Web www.crawfordmetalworks.com; Instagram @crawfordmetalworks; Facebook Crawford Metal Works.
Tom Boughner, “Consumption”: One day, Tom Boughner, a Reed High School art teacher, was at the dump. “There was just a field of used appliances out there,” said collaborator Richard Schreinert. Boughner was distressed by the notion of how much waste results from planned obsolescence and our frenzy to upgrade to the latest appliance models—hence his 2022 playa art piece, “Consumption.” When finished, it will be a 45-foot high dollar sign made of washing machines and other appliances welded together, with used ski lift towers from an Arizona scrapyard as a support structure. “Around the base of the guywires, we’re going to have little art pieces and informational pieces,” explained Schreinert, who is the project lead. They’ll include messaging about how waste disproportionately affects poorer communities, for example, and tips on how used appliance innards can be recycled into planters and burn barrels.
Web www.consumption2022.com; Instagram @consumption_art.
Benjamin Langholz, “Beam”: Benjamin Langholz is a Californian who lives in Berlin and is assembling his playa piece, “Beam,” at The Generator. The material is two steel I-beams totaling 150 feet in length and 20,000 pounds. They’ll be sloped at angles gentle enough to walk on and reach a 15-foot peak. While the clean, straight, minimalist lines promise an elegant visual effect against the backdrop of the craggy Black Rock Range, to Langholz, the piece is more about the experience than the look.

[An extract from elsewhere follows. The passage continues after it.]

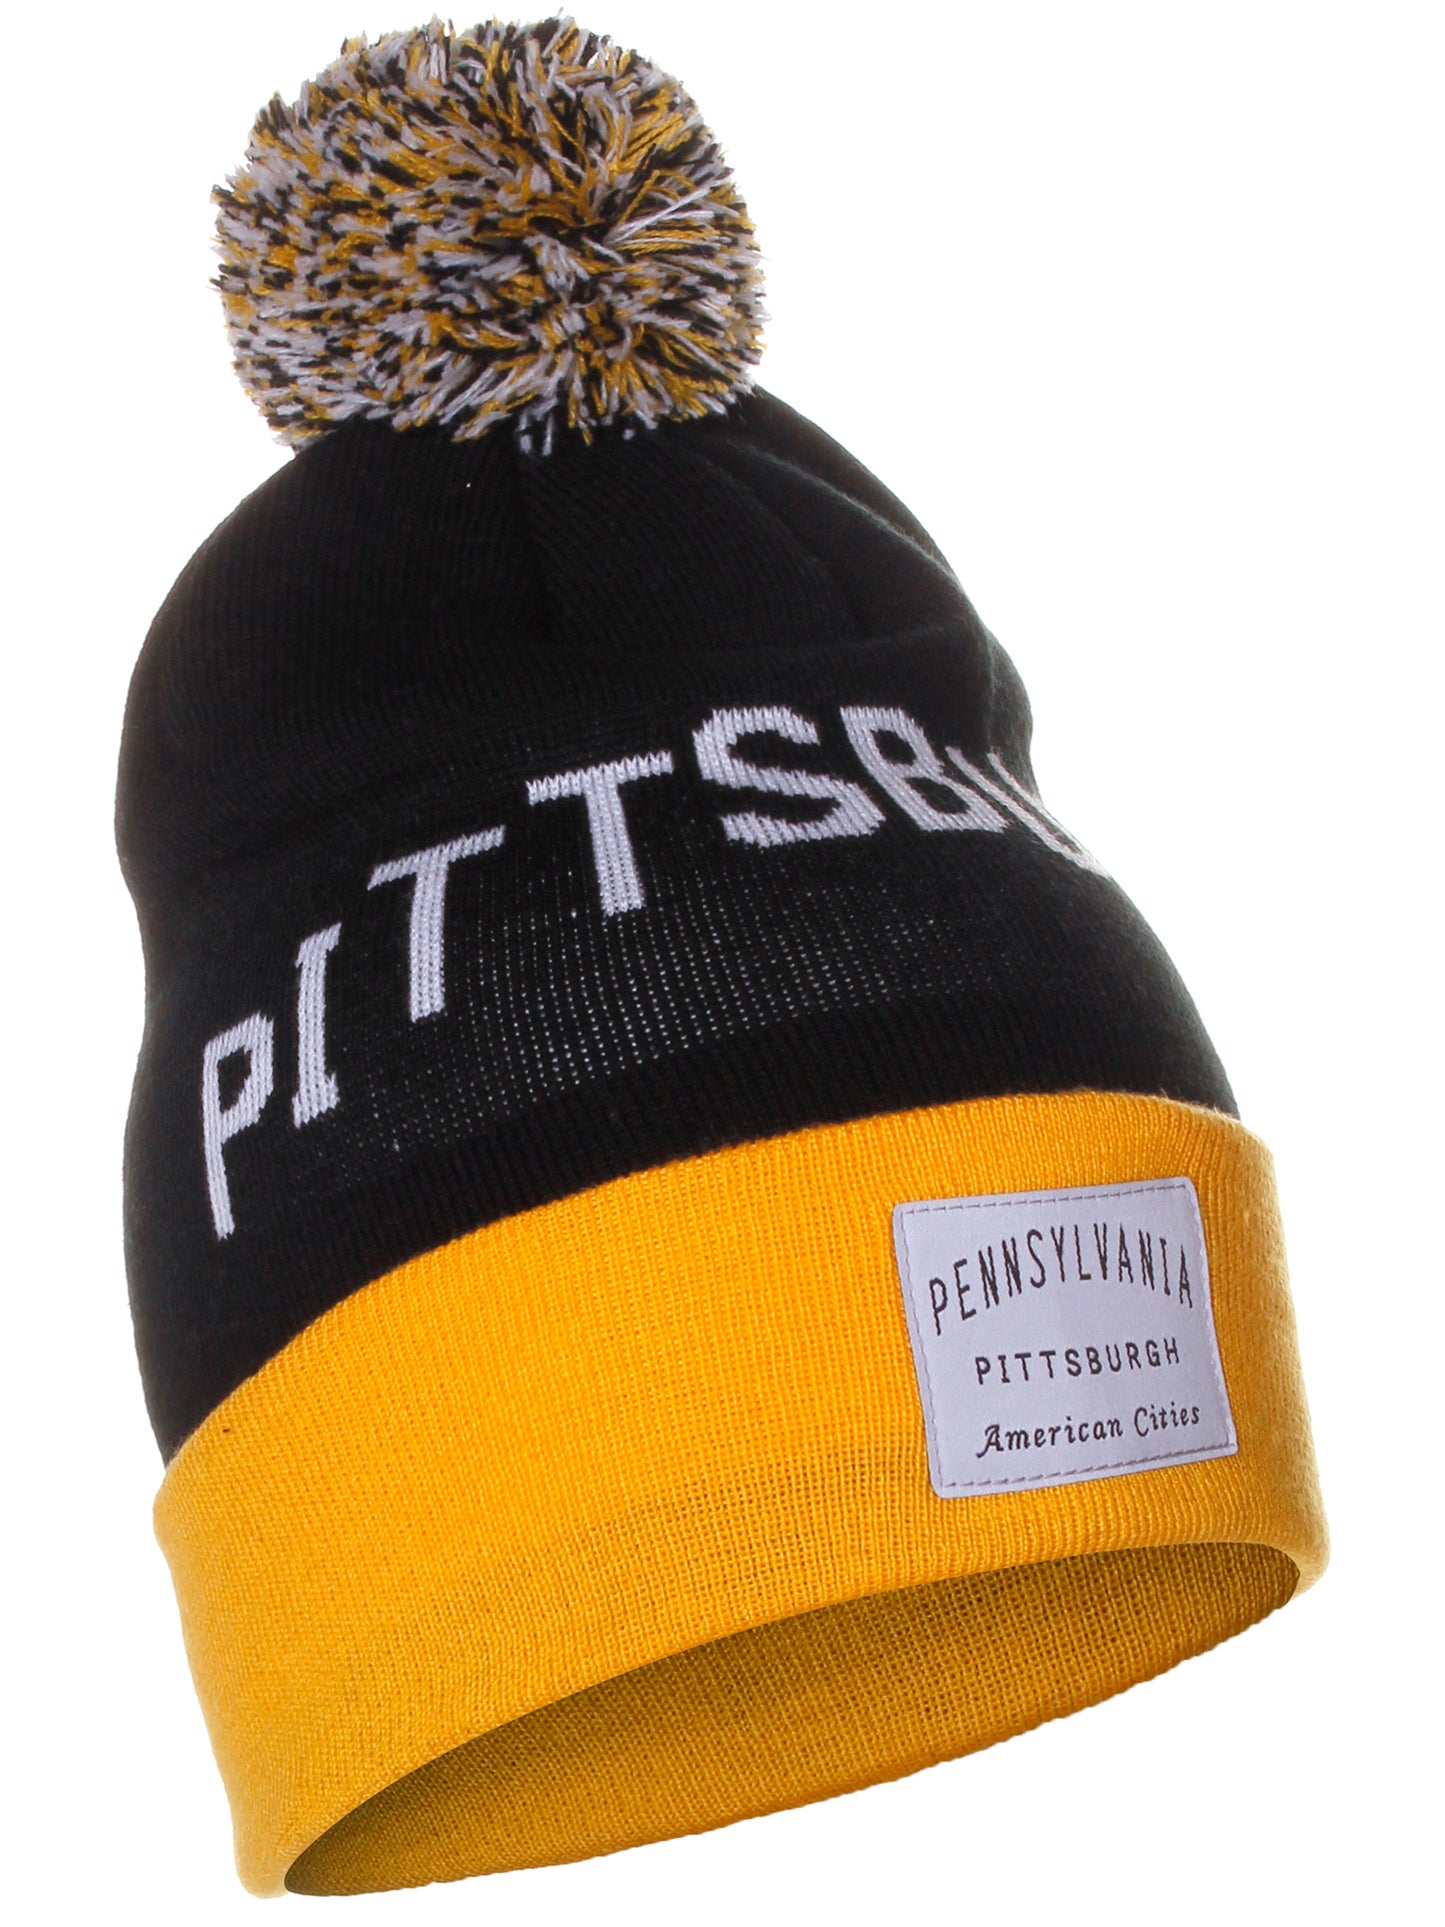 American Cities Pittsbugh Pennsylvania Arch Letters Pom Pom Knit Hat Cap Beanie

“(It allows) you to walk up to this moment of presence with each step being a little more risk and responsibility than the step before,” he said. “And then, as you get higher and higher up, hopefully you come to this moment of intensified consciousness.”
At a cultural moment that embraces hair-trigger litigiousness, Langholz wants you to make your own decisions about your safety rather than have an institution make them for you. His reason: “I think art is about taking experiences in your life that have made you feel something—I don’t mean just like an emotional feeling; I mean like a physical feeling—and then transmitting that as high-resolution, as humanly possible, to another human being, in my case, through a sculpture.”